Perché tu ti senti vittima delle tue stesse
scelte.


----------



## feather (5 Gennaio 2014)

danielacala ha detto:


> Perché tu ti senti vittima delle tue stesse
> scelte.


Lo sono. Anche se non userei il termine vittima dato che sono, appunto, scelte fatte da me.
Ma la mia domanda rimane, e non era rivolta al mio caso che, se preferisci, puoi anche tirare fuori dal mucchio.


----------



## Fantastica (5 Gennaio 2014)

feather ha detto:


> Questo mi lascia perplesso. Qui è pieno di uomini che si sono "annullati" in una famglia, vedi Danny tanto per citarne uno. Per poi ritrovarsi con un pugno di mosche.
> Io sono in una situazione del piffero con il cervello pieno di m***da per citare Leda e quindi forse non faccio testo.
> Ma mi pare di vedere la famiglia più come una conseguenza che come un valore da perseguire.
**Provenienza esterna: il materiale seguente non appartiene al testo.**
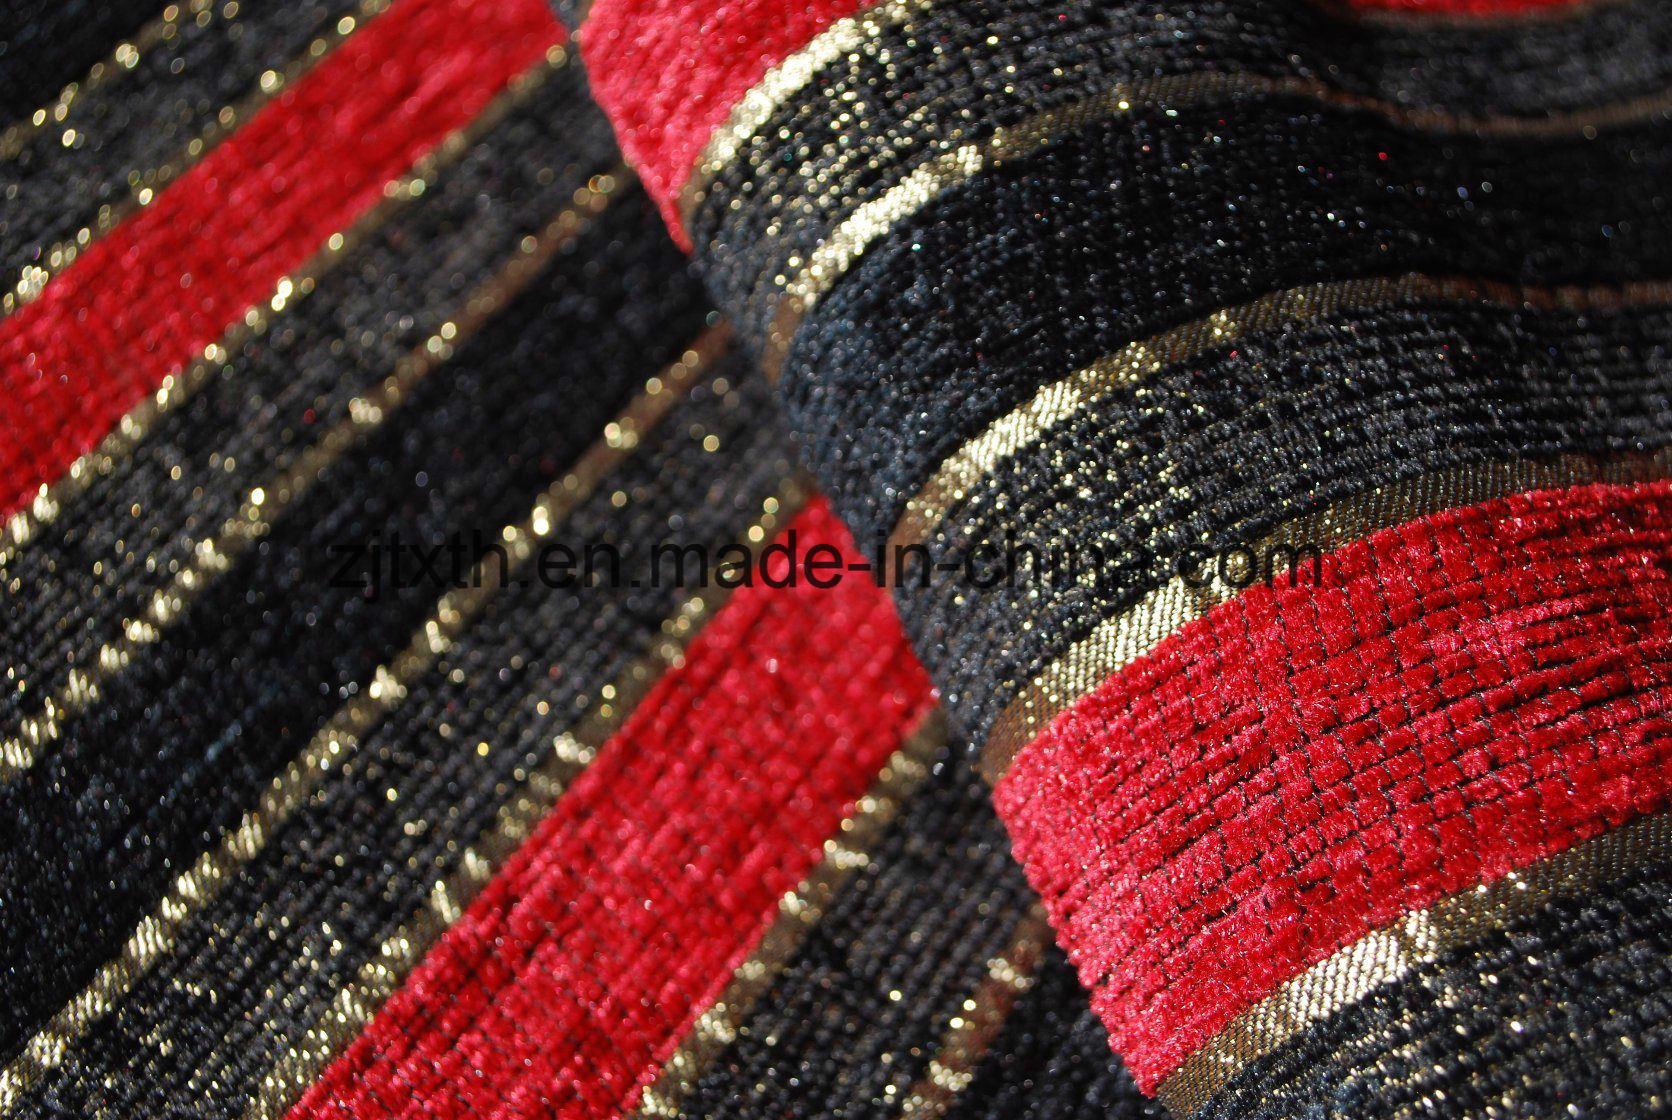 [Hot Item] Stripe Design Black and Red Chenille Sofa Fabric (FTH31003B)

La famiglia è una conseguenza del fatto che gli esseri umani sono animali deboli e sopravvivono solo in gruppo. La famiglia è un gruppo umano in cui i legami di dipendenza reciproca sono il frutto del fatto che l'accoppiamento genera figli e i piccoli di uomo sono tra i più lenti in assoluto a essere svezzati, diversamente dai cuccioli di altre specie.


----------



## feather (5 Gennaio 2014)

Fantastica ha detto:


> La famiglia è una conseguenza del fatto che gli esseri umani sono animali deboli e sopravvivono solo in gruppo. La famiglia è un gruppo umano in cui i legami di dipendenza reciproca sono il frutto del fatto che l'accoppiamento genera figli e i piccoli di uomo sono tra i più lenti in assoluto a essere svezzati, diversamente dai cuccioli di altre specie.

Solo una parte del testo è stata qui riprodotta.